AlphaFold2 knows some protein folding principles

Liwei Chang,Alberto Perez
DOI: https://doi.org/10.1101/2024.08.25.609581
2024-08-26
Abstract:AlphaFold2 (AF2) has revolutionized protein structure prediction. However, a common confusion lies in equating the protein structure prediction problem with the protein folding problem. The former provides a static structure, while the latter explains the dynamic folding pathway to that structure. We challenge the current status quo and advocate that AF2 has indeed learned some protein folding principles, despite being designed for structure prediction. AF2's high-dimensional parameters encode an imperfect biophysical scoring function. Typically, AF2 uses multiple sequence alignments (MSAs) to guide the search within a narrow region of its learned surface. In our study, we operate AF2 without MSAs or initial templates, forcing it to sample its entire energy landscape - more akin to an ab initio approach. Among over 7,000 proteins, a fraction fold using sequence alone, highlighting the smoothness of AF2's learned energy surface. Additionally, by combining recycling and iterative predictions, we discover multiple AF2 intermediate structures in good agreement with known experimental data. AF2 appears to follow a "local first, global later" folding mechanism. For designed proteins with more optimized local interactions, AF2's energy landscape is too smooth to detect intermediates even when it should. Our current work sheds new light on what AF2 has learned and opens exciting possibilities to advance our understanding of protein folding and for experimental discovery of folding intermediates.
Biophysics
What problem does this paper attempt to address?

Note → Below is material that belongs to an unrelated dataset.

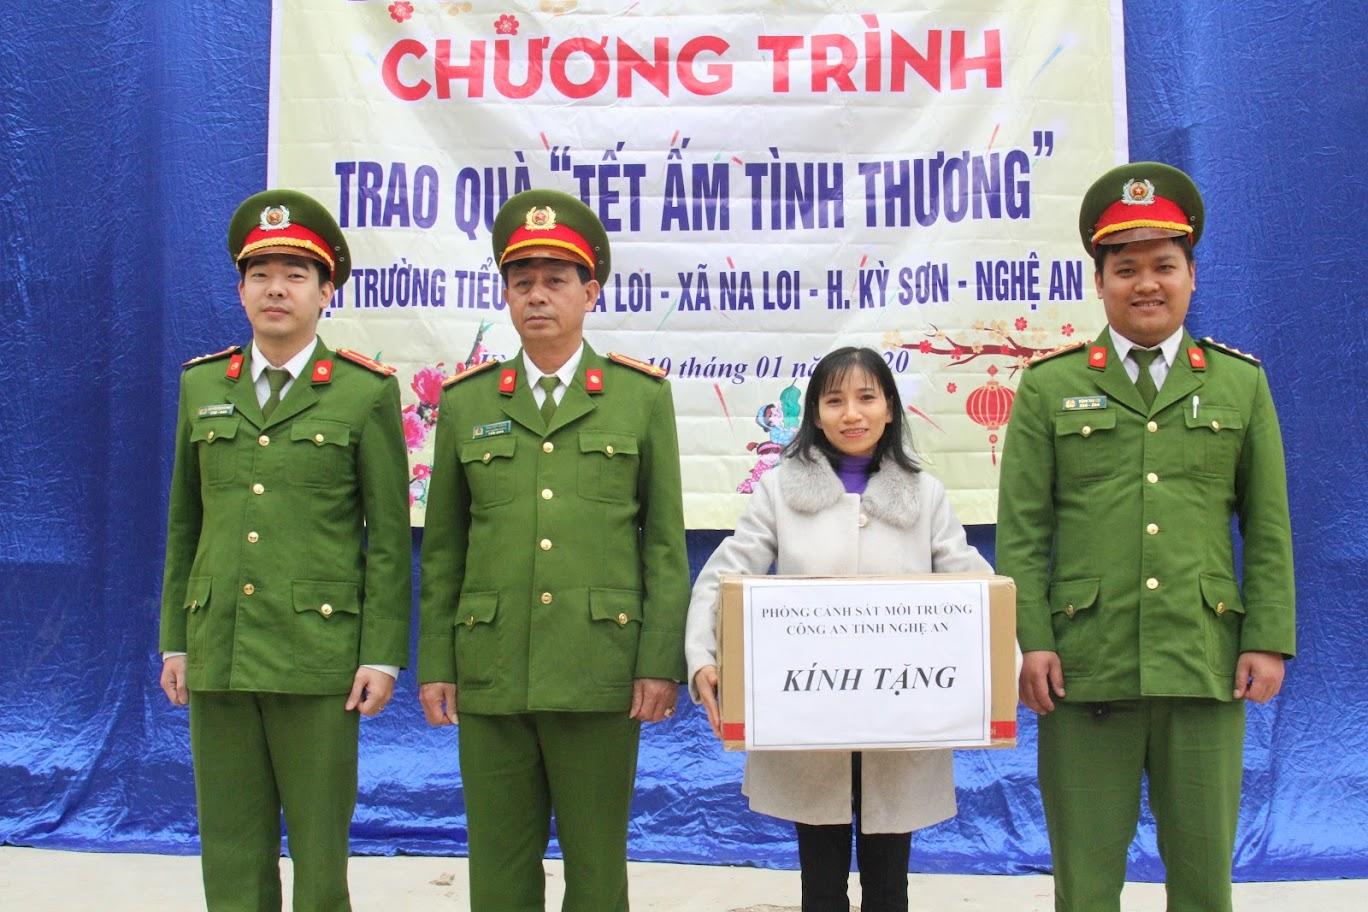 Phòng CSMT tặng quà cho đại diện Trường Tiểu học Na Loi

### Problems the Paper Attempts to Solve This paper aims to explore the potential capabilities of AlphaFold2 (AF2) in protein folding, particularly whether it can reveal intermediate states in the protein folding process. Although AF2 was initially designed to predict protein structures, the authors believe that AF2 has actually learned some fundamental principles of protein folding. Specifically, the paper attempts to address the following points: 1. **Difference between protein folding and structure prediction**: Protein structure prediction focuses on generating static images of the folded state, while the protein folding problem seeks to understand the dynamic folding process, including pathways and intermediate states. 2. **AF2's energy landscape**: By not using multiple sequence alignments (MSAs) or initial templates, AF2 is forced to sample its entire energy landscape, thereby verifying whether AF2 can simulate intermediate states in the protein folding process. 3. **Iterative prediction method**: By combining recycling and iterative prediction, it was found that AF2 can predict multiple intermediate structures that are consistent with experimental data, and these intermediate structures are highly consistent with known experimental data. 4. **"Local first, global later" folding mechanism**: AF2 seems to follow a "local first, global later" folding mechanism, where early folding is dominated by local structures, which gradually form global structures. 5. **Consistency of different protein folding pathways**: By studying various proteins (such as protein G, protein L and their mutants, ubiquitin, and SH3 domains), it was demonstrated that AF2 can capture complex folding pathways and reveal how different sequence variations affect folding pathways. 6. **Large-scale protein folding prediction**: Through a large-scale iterative prediction method, 7418 proteins were studied, further validating AF2's performance on proteins of different sizes and structural types, and discovering groups of proteins with similar folding pathways. Through these studies, the paper demonstrates that AF2 can not only predict static protein structures but also reveal intermediate states in the protein folding process, providing new perspectives for understanding and discovering protein folding.